«Io non mi deformo». Forse un giorno la blobberanno quest’espressione di Luciano Spalletti, tirata fuori da un vocabolario sempre originale, di sicuro molto più dell’argomento «Francesco Totti», quello che è stato , che è e – chissà mai – sarà il capitano della Roma. «Io non mi deformo» è in fondo tanto vero che basta una domanda che conosci già ma in un momento che non t’aspetti – quando pensi che la conferenza sia ormai finita – per ripartire dal via. Troppo vivo quell’argomento per tenere a freno la tentazione di ripiazzare i soliti puntini sulle «i», anzi rilanciare con una provocazione. «Facciamo così: se Totti il prossimo anno continuerà a giocare, io sarò ancora l’allenatore della Roma. Se lui smetterà, smetterò anch’io». Eccolo: è solo l’ultimo accenno, il terzo momento in 40’ di conferenza pre Fiorentina in cui Spalletti ha lasciato intendere come il suo futuro nella Roma sia una partita tutta da scrivere, non certo o almeno non solo per il contratto in scadenza a giugno.

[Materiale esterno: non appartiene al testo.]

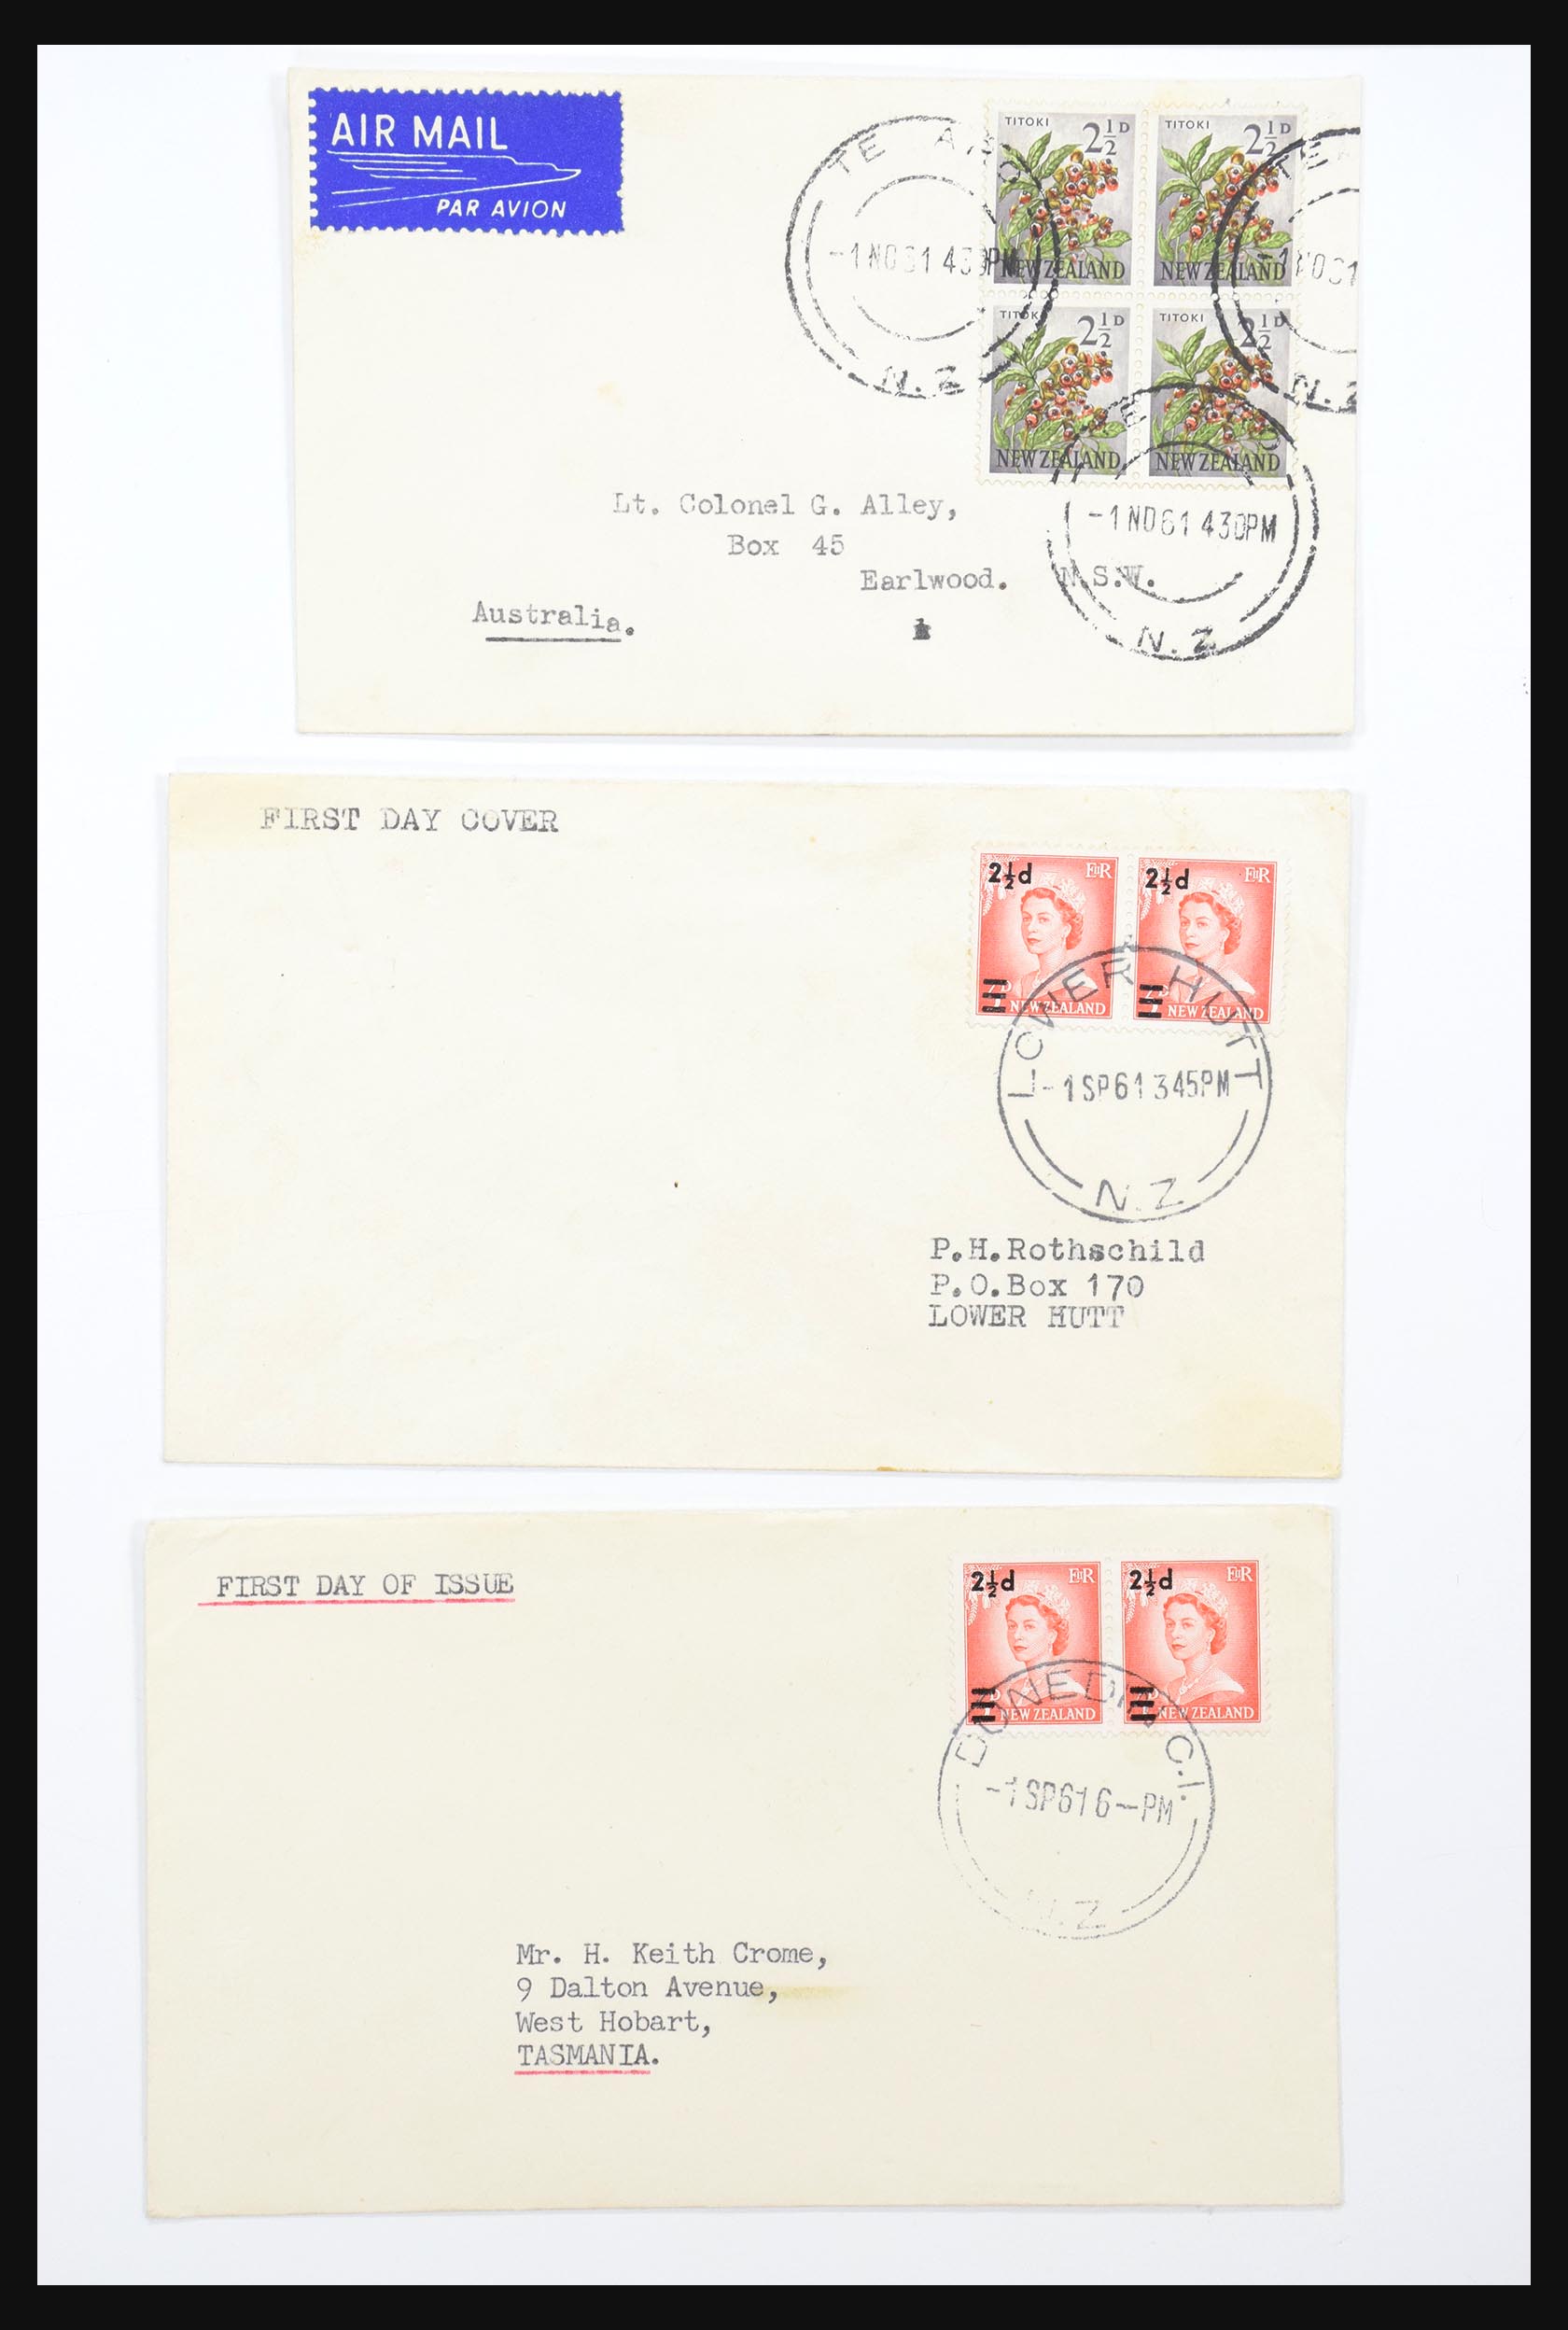 30821 023 - 30821 New Zealand FDC's 1960-1971.
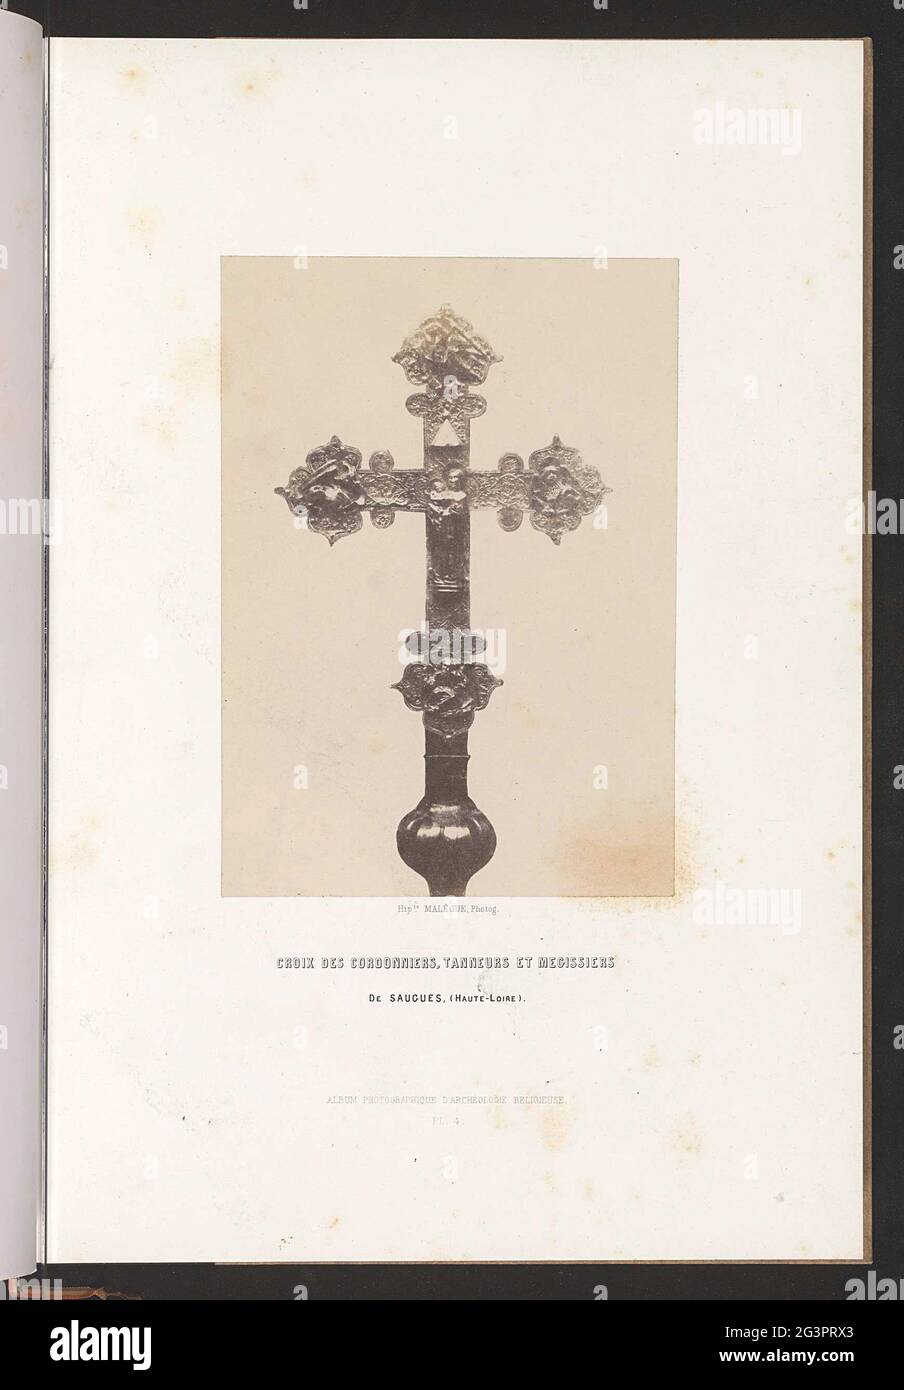 Crucifix afkomstig uit sagues; Cross of shoemakers, tanners and guy. . Stock Photo

FUTURO – Il blob è tutto qui: «Io mi deformerò a fine anno, se mi devo deformare – ha detto Spalletti –. Ora no. Questa è una Roma forte, più forte della scorsa stagione (anche se poi dirà «abbiamo solo un centravanti gli altri ne hanno di più», ndr). E io continuerò a seminare, pronto a vedere se qualcosa nasce. Confermo: questo è l’ambiente ideale. Certo che vivere tra le tensioni fa diventare tutto più difficile. Ma dobbiamo lavorare nella maniera più corretta, fare un percorso dove lasci dei paletti, dove tu fai vedere che quella è la strada da continuare». Continuare da chi avrà voglia, oltre che con un contratto. E chissà se con lo stesso vocabolario: «Picchettare il futuro dev’essere l’obiettivo, c’è ancora lavoro che aspetta di essere fatto per lasciare una Roma migliore di come l’abbiamo trovata». Quella che ha trovato è ancora tremendamente attaccata al rendimento e alla personalità di Totti. Un pregio e un limite, che Spalletti ha sottolineato ancora, proprio perché deformarsi no, non era il caso: «Più di dire che è un genio, cos’altro devo fare? Francesco è straordinario, ma qui non si vincerà mai niente solo con lui. Quando la Roma trionfò, lo fece perché aveva anche altri grandi calciatori straordinari. Poi, negli anni successivi, sempre e solo con Francesco, non si è vinto più. Lui sì, lui ha vinto tanto, ma la squadra no: da solo Totti non basta». Basta per giocare intorno alle polemiche, perché il nome di Totti sempre ha spostato e sempre sposterà, anche a 40 anni. «Ma è possibile che qui non vada mai bene niente? Il nome di Francesco viene usato in maniera sbagliata, anche lui lo avverte. Viene usato per spaccare la Roma, per creare distacco. Il record di punti l’anno scorso l’ha determinato la Roma, non un calciatore solo». Il riferimento dell’allenatore è al mondo giallorosso. È a quell’ambiente che lui stesso definisce ideale, prima di far capire altro.
IL LUTTO – E prima di svelare una chiacchierata con il capitano di ieri mattina: Totti (cui alla stazione nel pomeriggio è stata scippata la felpa, poi restituita) si è allenato in solitario a Trigoria per aver la possibilità di partecipare ai funerali della zia Teresa, cui aveva dedicato il gol con la Samp: «Abbiamo fatto colazione insieme, ho parlato con lui anche di quello che aveva detto Nainggolan (il belga in settimana aveva invitato i tifosi a tifare anche senza Totti in campo, ndr). La Roma dev’essere anche altro. E Francesco deve darmi una mano a diffondere questo messaggio, a far crescere altri giocatori importanti come lui. Non attribuitemi una responsabilità che non ho, quella di voler far smettere Totti». Anche perché, come dice Ilary Blasi: «Francesco deve decidere da solo quando smettere, io gli sarò accanto in ogni caso. È un ciclo che si chiude, ma il punto deve metterlo lui». E Spalletti metterà quello su se stesso: «Per me funziona come con i direttori di giornale: se vendi poche copie devi smettere, se vinco poco vado a casa. Siamo figli dei risultati». Anche in un ambiente ideale.